Urban Water Management

Each year trillions of gallons of untreated stormwater from roads, roofs, parking lots, and other paved surfaces combine with sewage from homes to overburden our crumbling infrastructure in cities, flood our basements, and increase communities’ vulnerability to the impacts of stormwater.

Increasingly, cities are investing in open space, green roofs, rain gardens, permeable pavement and other cost-effective ways to capture and gradually release water into existing drains, pipes and sewers. They are designing green infrastructure not only to manage stormwater but also to generate a series of economic, social, and environmental returns for the community—including improved public health and new park space, all assets they have an inclusive and economic role in preserving and maintaining.

We are working to ensure that these and other water infrastructure investments are coordinated with other municipal investments to deliver multiple benefits to a community. When, for example, sewer department officials introduce low-impact technologies like bioswales and vegetative systems to reduce flow to pipes and drains, they are increasingly coordinating with other city agencies like transportation and parks that can integrate stormwater management solutions into their infrastructure projects.

By addressing water and the overburdened and obsolete systems that are designed to deliver and remove it, Surdna is also working to help our communities become healthier, more equitable, and more sustainable places to live and work.

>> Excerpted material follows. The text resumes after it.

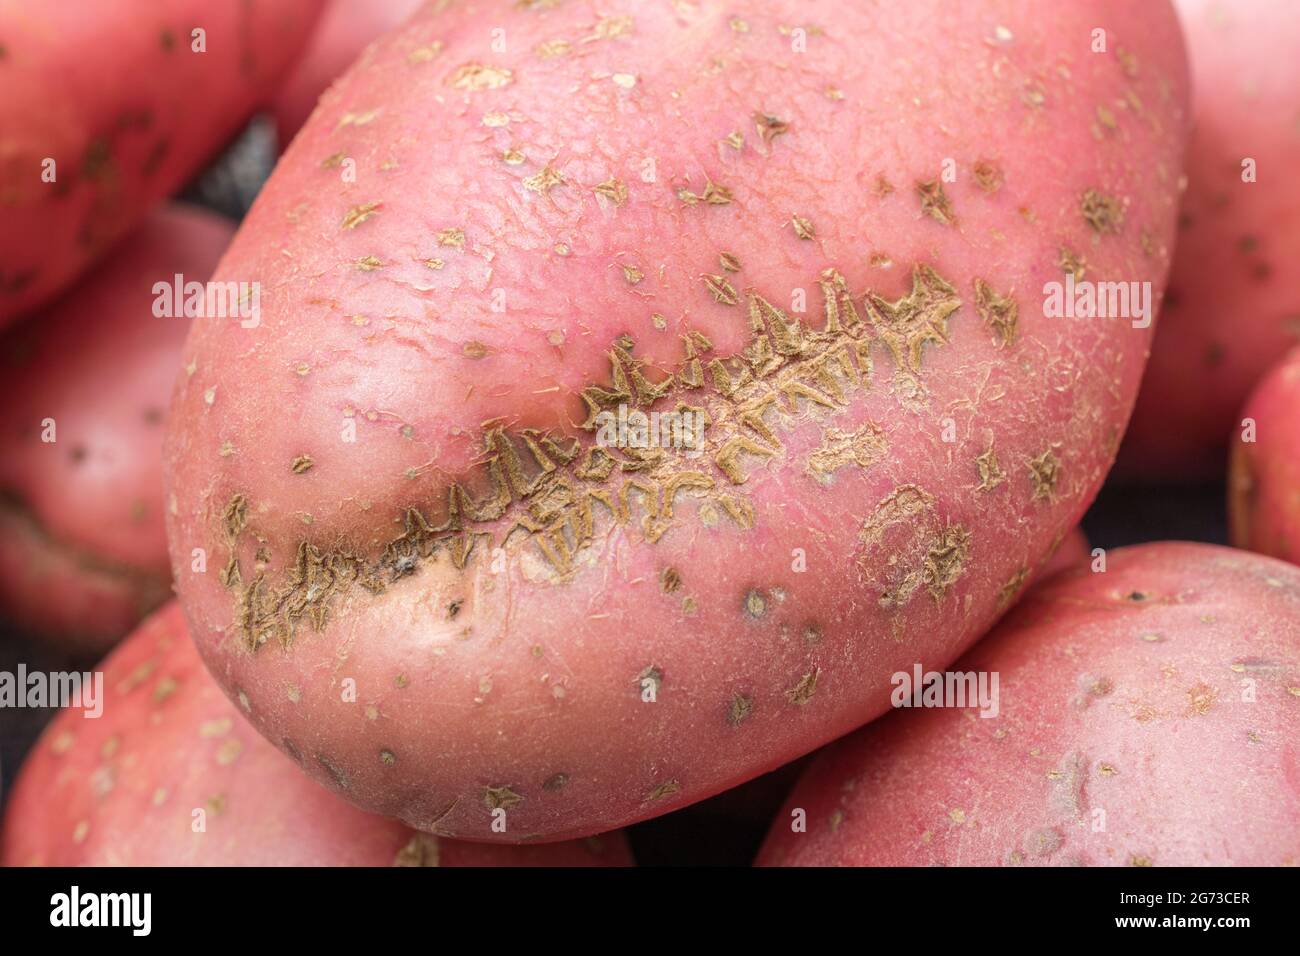 Pomme de terre rouge / rousse cultivée au Royaume-Uni. Les pommes de terre ont une maladie présente [qui peut être la gale commune, ou peut-être la gale poudreuse]. Banque D'Images

Our grantee, the Center for Neighborhood Technology (CNT), is working with property owners in and around Chicago threatened by flooding to test and promote a community engaged plan for adopting best practices that address stormwater. CNT is using these findings to shape state and federal policy.

And in Milwaukee, in an effort to ensure that the city’s infrastructure choices are responsive to community needs, Surdna grantee Climate Interactive has developed an interactive software tool capable of presenting a series of possible solutions. The scenarios produced help local communities see the implications that green versus grey investments in stormwater management have on water quality, and community well-being.

Working with community groups like the Sixteenth Street Community Health Centers, the tool’s designers are accounting not only for concerns about flood and storm threats, but they are ensuring that local voices are the ones giving shape to investment decisions that will deliver benefits not often associated with infrastructure, like financial savings, good jobs, and beautiful neighborhoods.

Climate Interactive’s Beth Sawin describes the Green Infrastructure Decision Support Tool not so much as a technology, but as a process that offers an antidote to a feeling of powerlessness. She says the tool inspires hope in communities often excluded from discussions about the future of their own neighborhoods.